While traveling from La Feria, TX to San Antonio we stopped at a "Picnic Area" along US-83. I must say that Texas needs to do a better job with these places. The garbage was everywhere and it STANK! I looked like no one had cleaned it for a long time. Their rest areas a well kept so why not do the same with these.


----------



## TexanThompsons (Apr 21, 2009)

Alot of those have lost funding for upkeep in recent years and have started relying on the adopt-a-highway program for upkeep. Needless to say, it doesn't bode well for those places. For those of us from TX, we usually avoid them at all costs as they have become places that you don't necessarily want to stop for any amount of time.


----------



## GlenninTexas (Aug 11, 2004)

Wow, I've stopped at a number of picnic areas in Texas and have never found one that was littered. I haven't been to any in far south Tx though.

Regards, Glenn


----------



## GO WEST (May 25, 2009)

People dump loads of household trash at these kinds of places. Some are regularly dumped on, and others are not. Not all are trashed. This plus the fact that Texas has a budget crunch means that Texas public parks do not get the funding they used to or that they need. If it wasn't for the volunteers in our state parks, many would shut down or have services curtailed even more. It's too bad, but reality strikes.


----------



## bka4tcu (Aug 18, 2010)

Several years ago the state built a number of massive rest areas, tearing down the old ones. The thinking was we build massive new safety rest stops and the other facilities will not get as much use and will not need as much upkeep, so the state can concentrate manpower and available resources on the new rest areas. The rumor was that each of these sites had a price tag of $7million+.

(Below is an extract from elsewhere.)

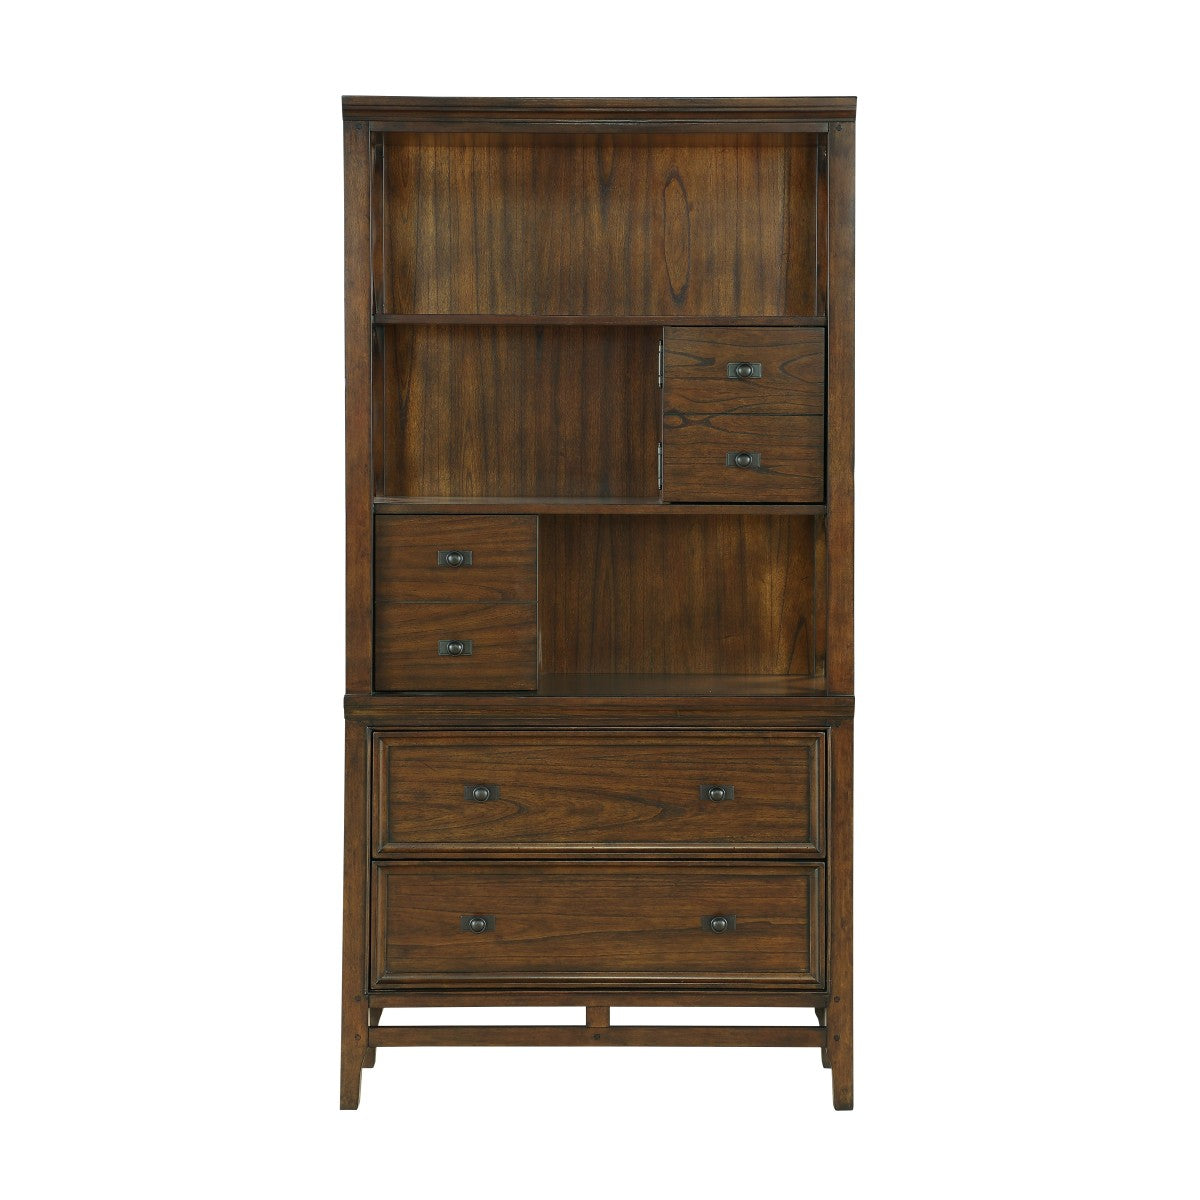 Frazier Park Brown Cherry Finish Traditional Mindy Veneer, Wood And Engineered Wood Bookcase

Now the state has a hard time keeping them up due to the previously mentioned budget woes. So, roadside picnic areas and other state owned public areas along the highways have been the unintended victim of the budget. Volunteers work hard to keep the places up, but they are only out there once a month or so. Unfortunately, someone may decide to dump there trash there the day after the volunteers clean it up and the mess sits there for a month.


----------



## mswalt (Sep 14, 2004)

I'm just guessing here, but when you consider how many miles of roads Texas has, especially so many in rural areas,coupled with the budget crunch all states are experiencing, I just don't see how they could possibly keep up with all those "picnic areas." It's unfortunate, but a must. I never used them, anyway. I'd much prefer to stop at a travel stop area.


----------